Please repeat the whole listing exactly, but leave the pictures out.

──────── Data below

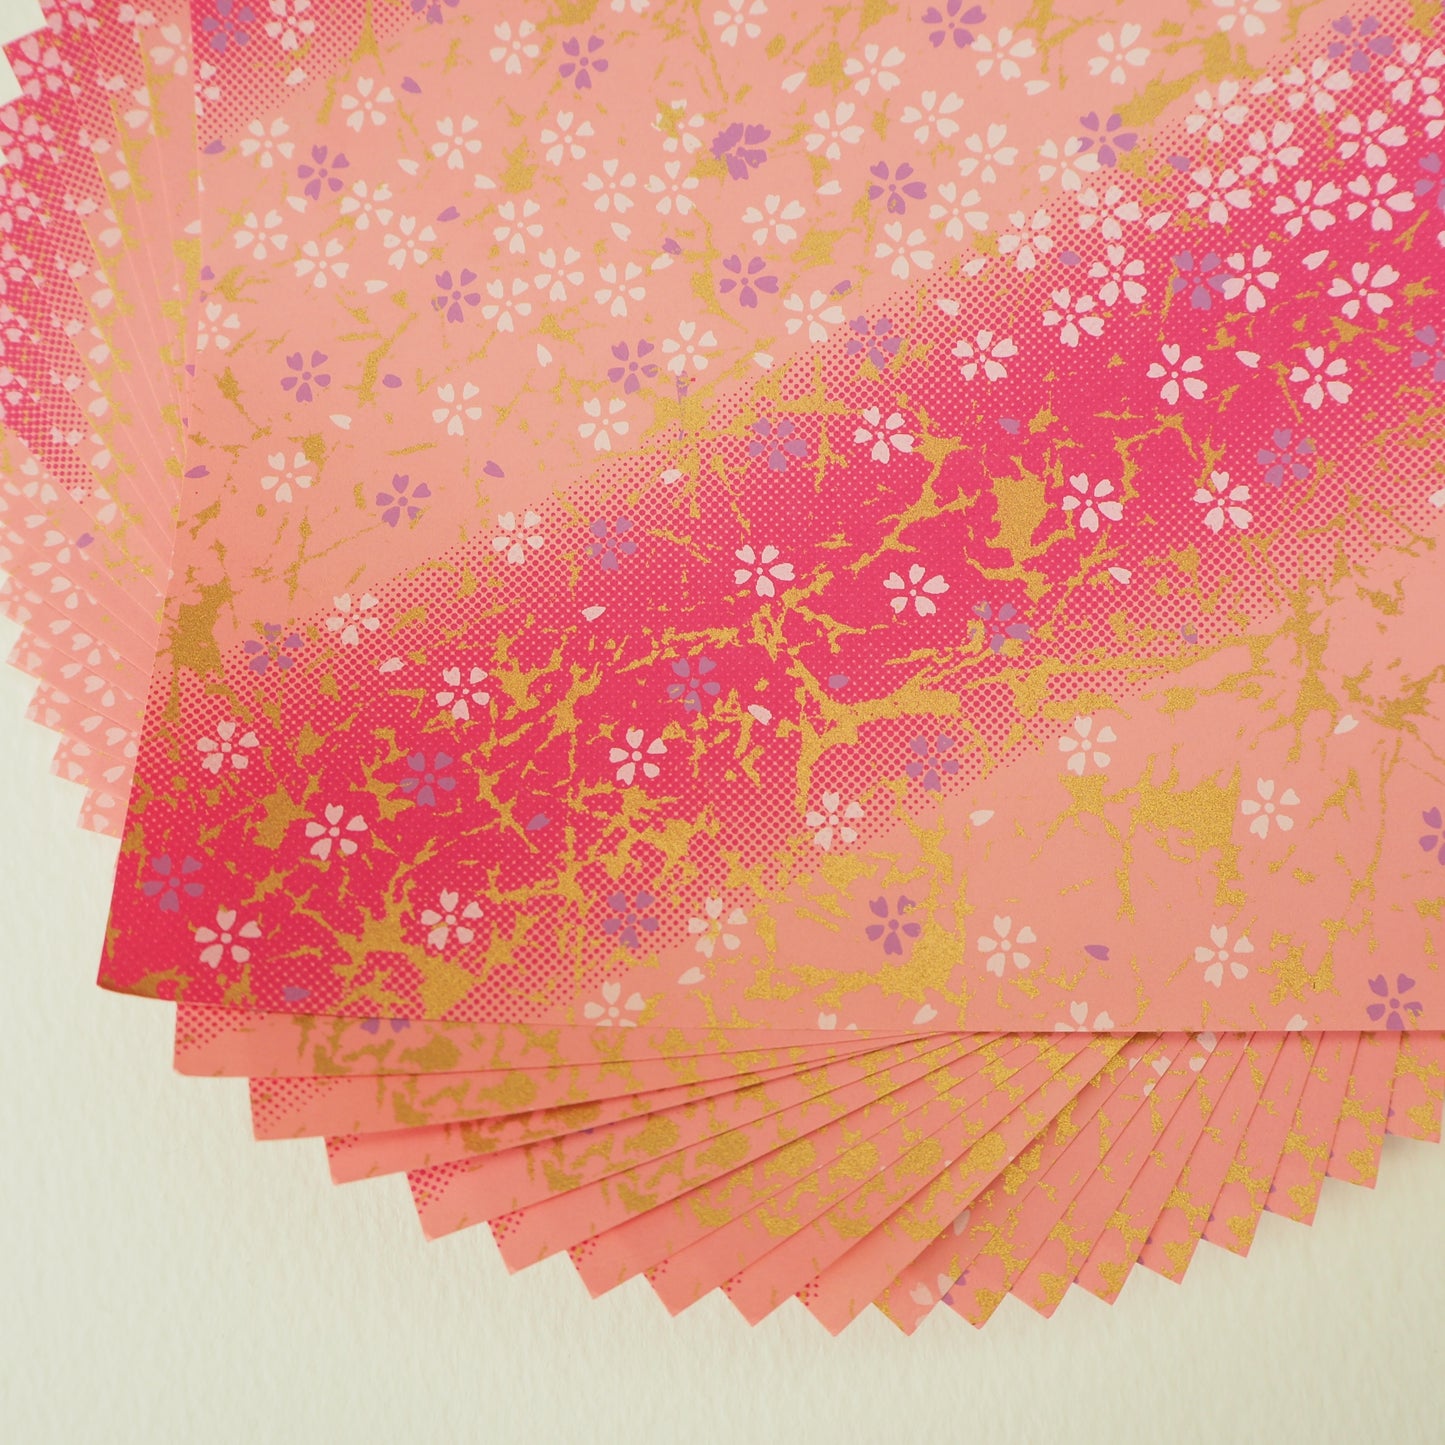 Pack of 20 Sheets 14x14cm Yuzen Washi Origami Paper HZ-340 - Small Cherry Blossom Pink Shade
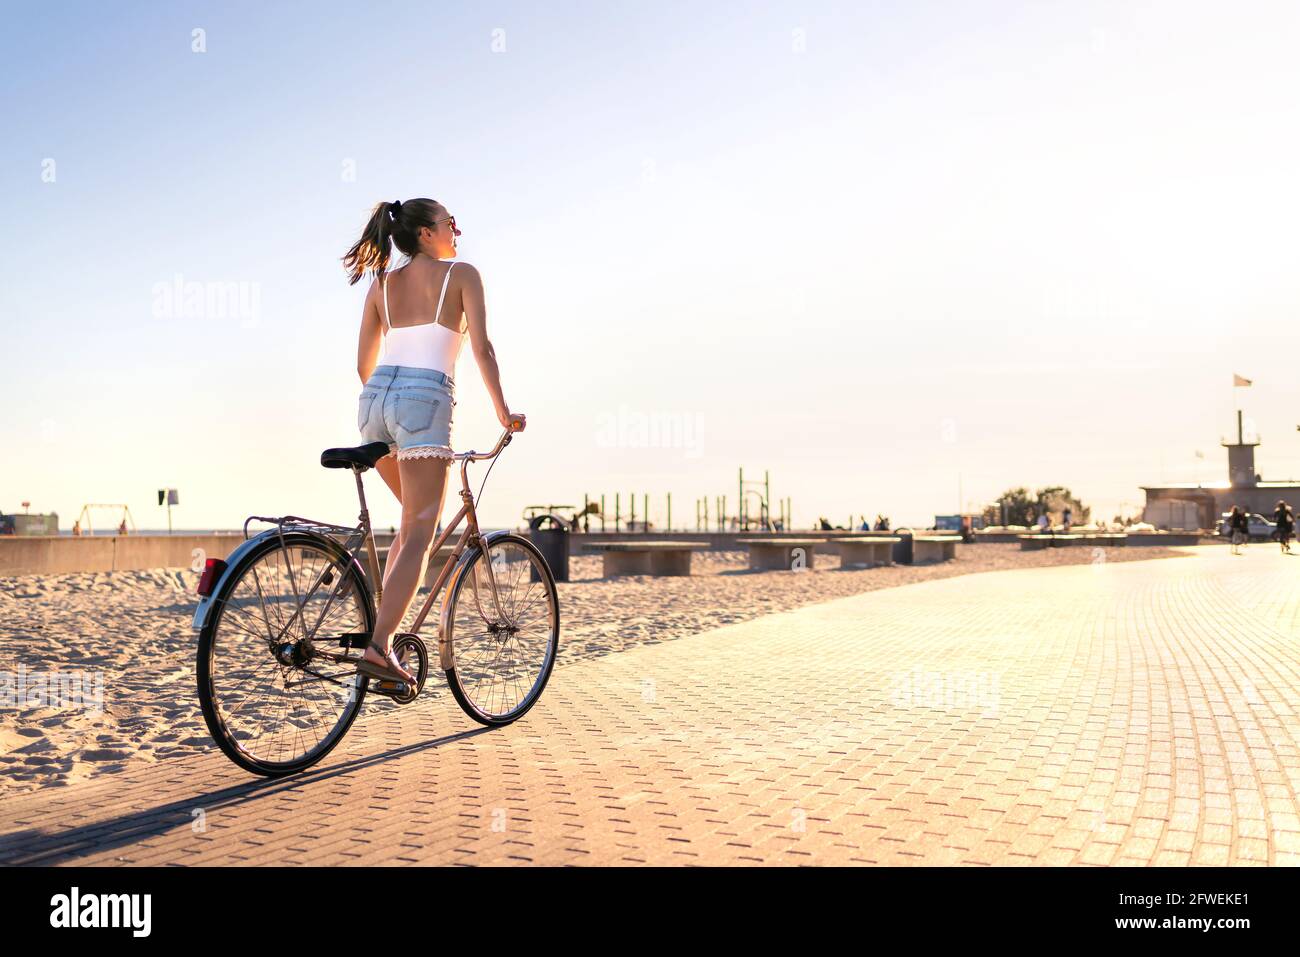 Bicycle fun on beach promenade. Happy woman riding bike on sunny summer boulevard. Seaside waterfront street for cycling. Stylish cyclist lady. Stock Photo
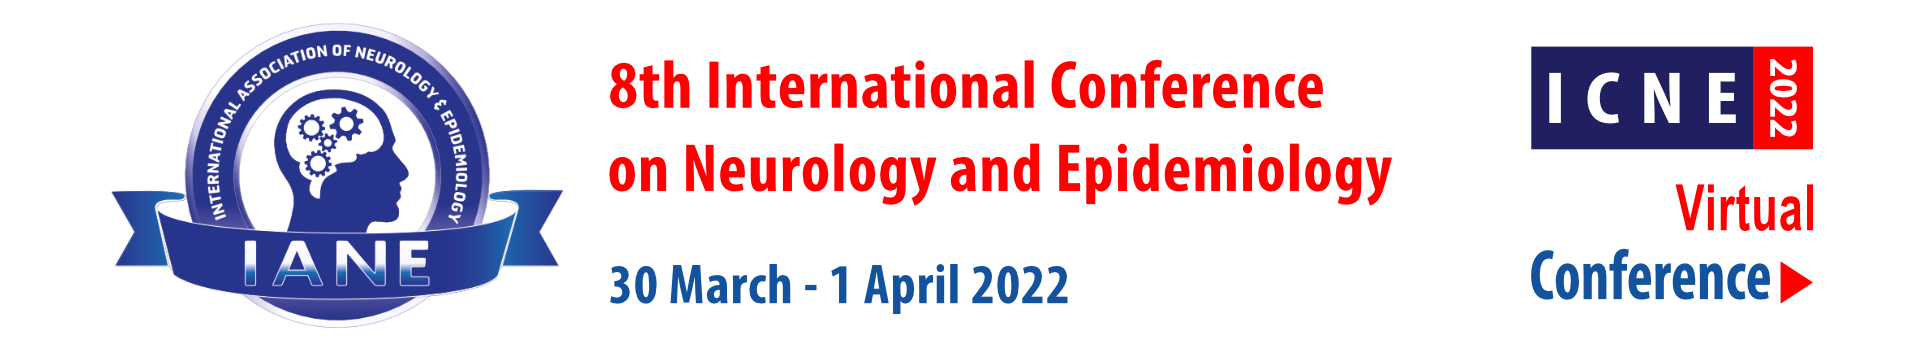 8th International Conference on Neurology and Epidemiology 2022 - virtual edition

────────────────

Problem solution:
 Pack of 20 Sheets 14x14cm Yuzen Washi Origami Paper HZ-340 - Small Cherry Blossom Pink Shade
 Bicycle fun on beach promenade. Happy woman riding bike on sunny summer boulevard. Seaside waterfront street for cycling. Stylish cyclist lady. Stock Photo
 8th International Conference on Neurology and Epidemiology 2022 - virtual edition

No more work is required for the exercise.